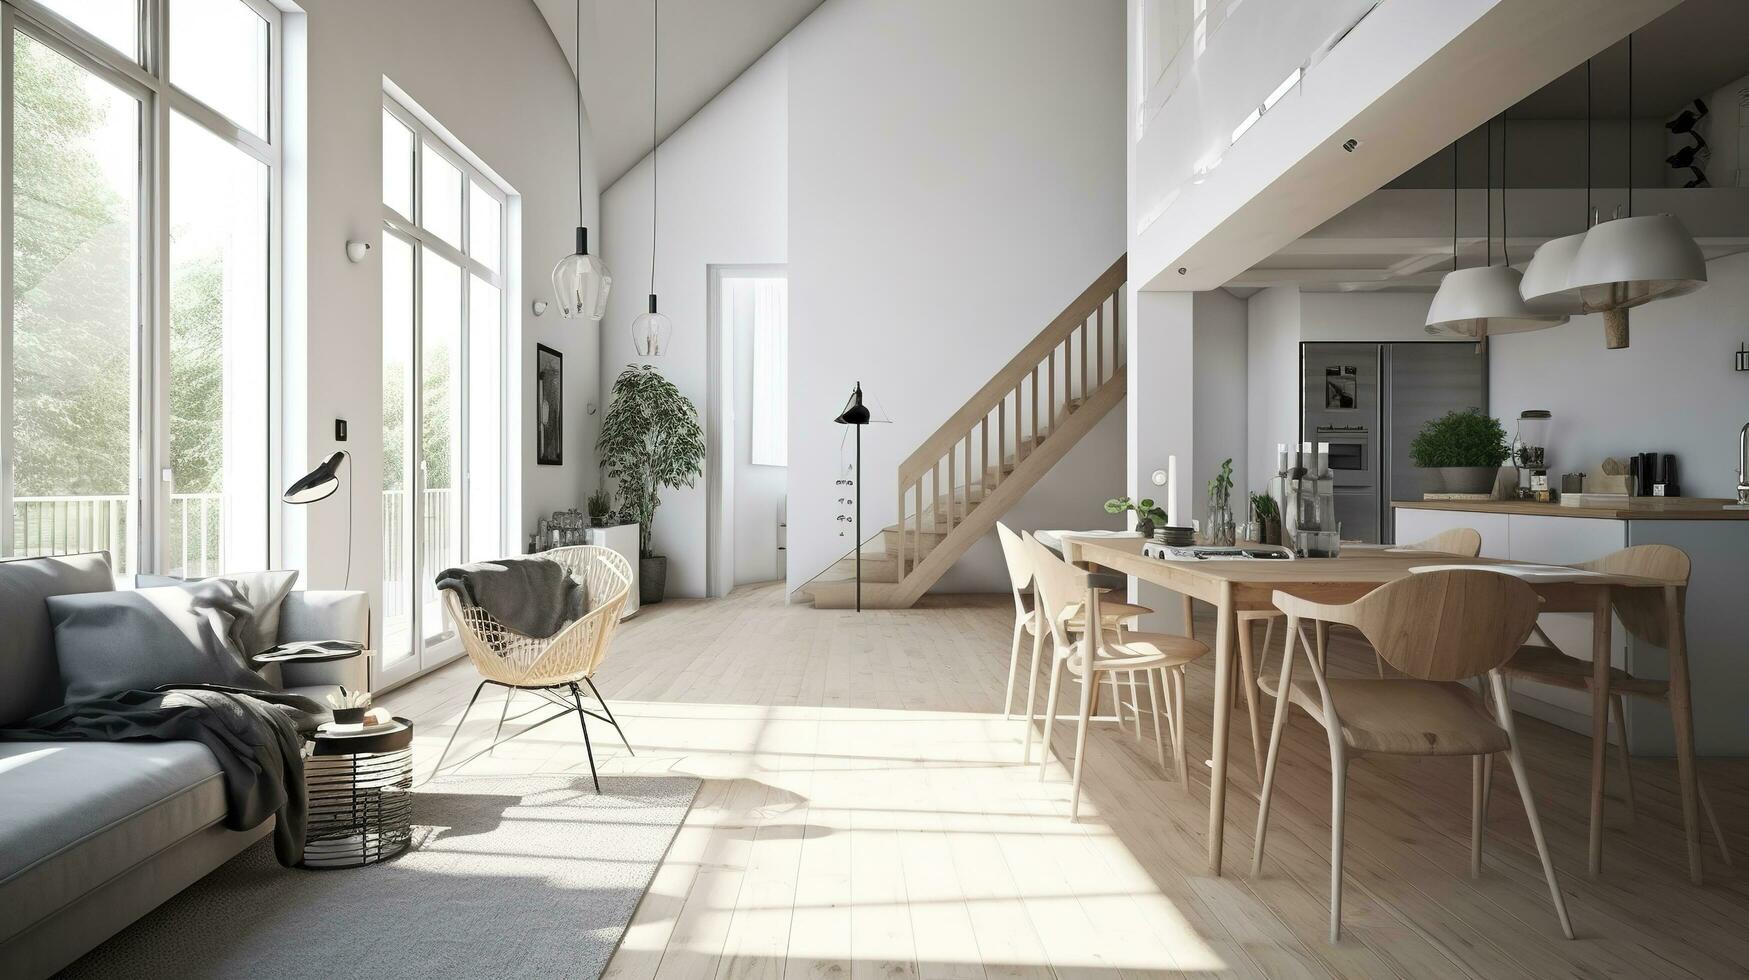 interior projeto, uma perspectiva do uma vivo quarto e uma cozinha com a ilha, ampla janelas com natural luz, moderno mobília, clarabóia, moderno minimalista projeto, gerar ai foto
--
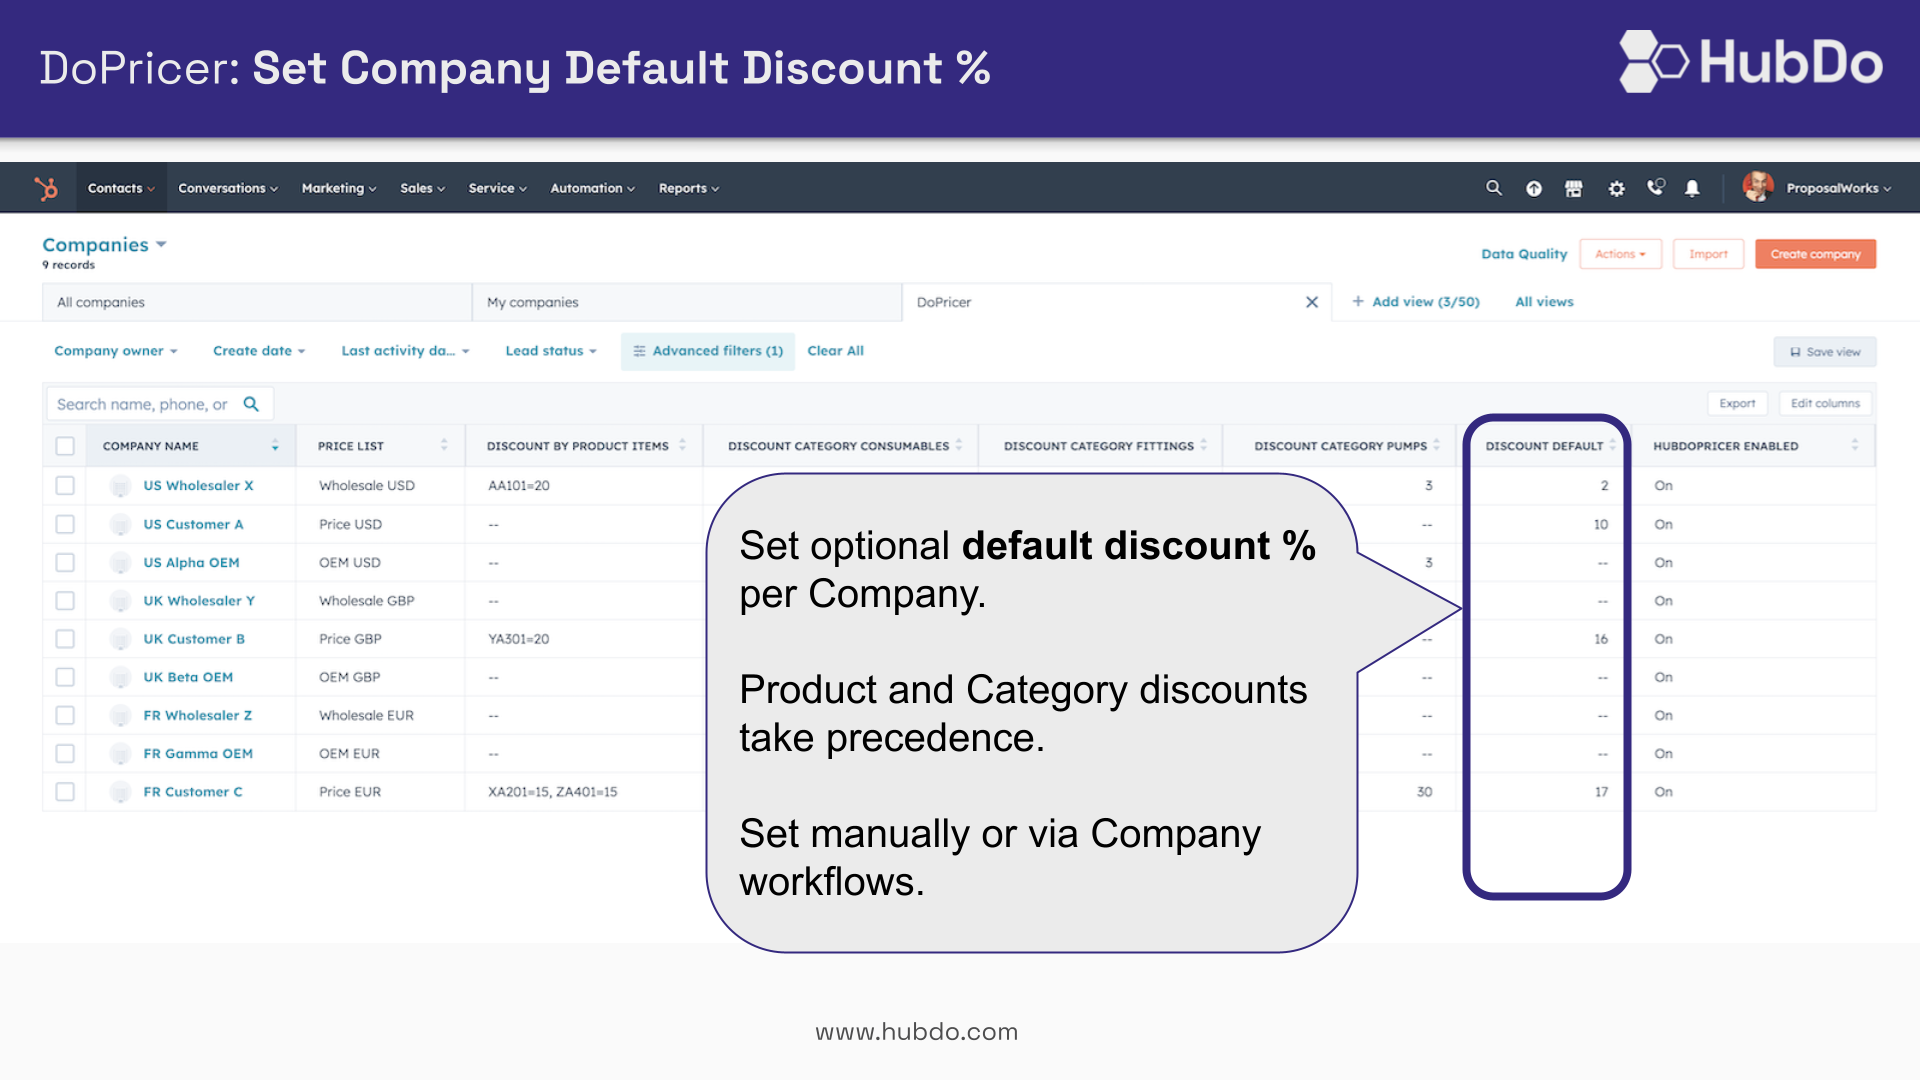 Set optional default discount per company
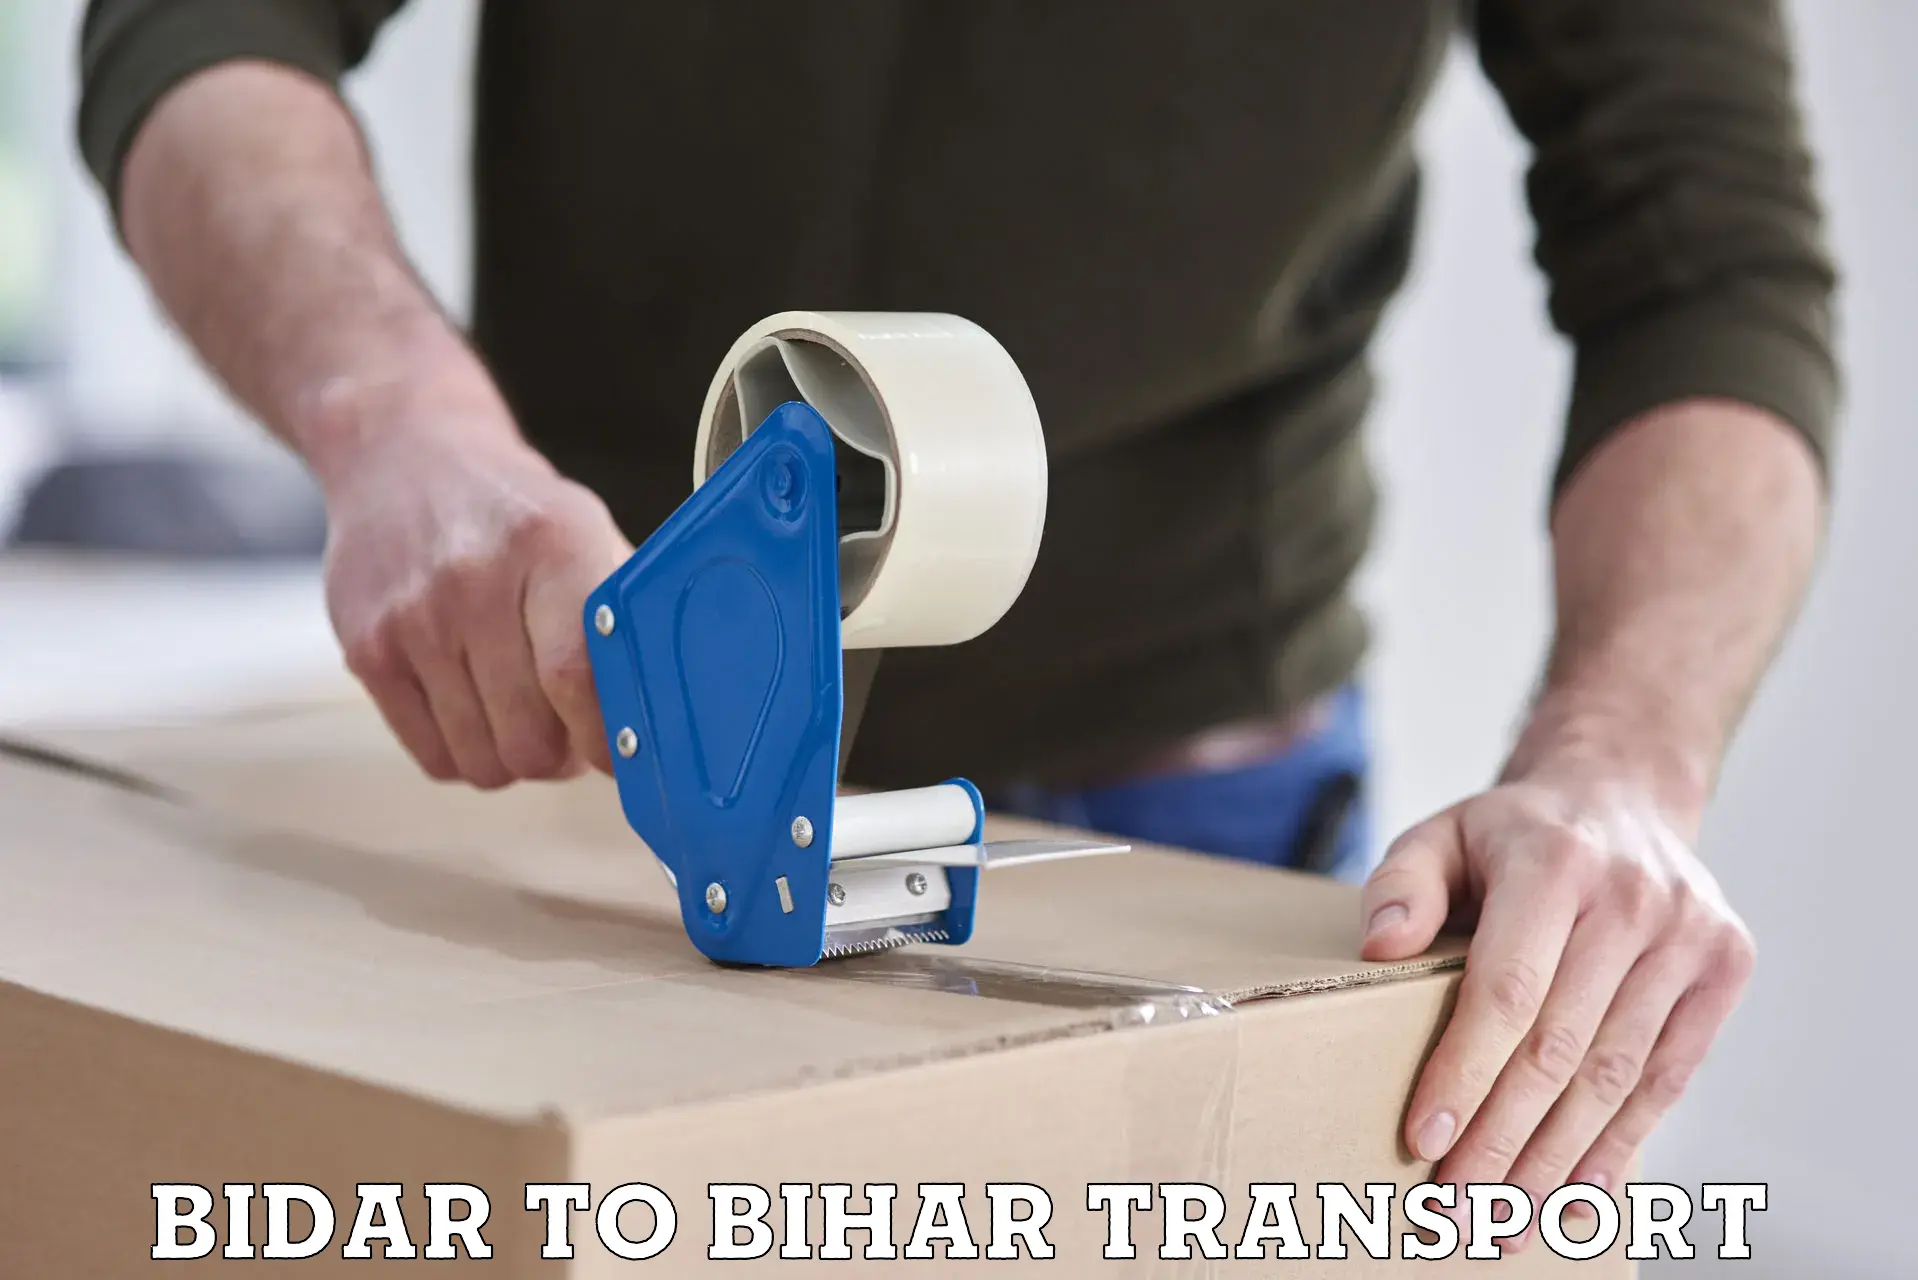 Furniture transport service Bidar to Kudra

- TASK GOAL:
Exactly the lines starting at the one above with "Set optional default discount per company" and ending at the one with "Furniture transport service Bidar to Kudra" should be printed, and nothing else. Omit the pictures.

- EXERCISE ANSWER:
 Set optional default discount per company
 Furniture transport service Bidar to Kudra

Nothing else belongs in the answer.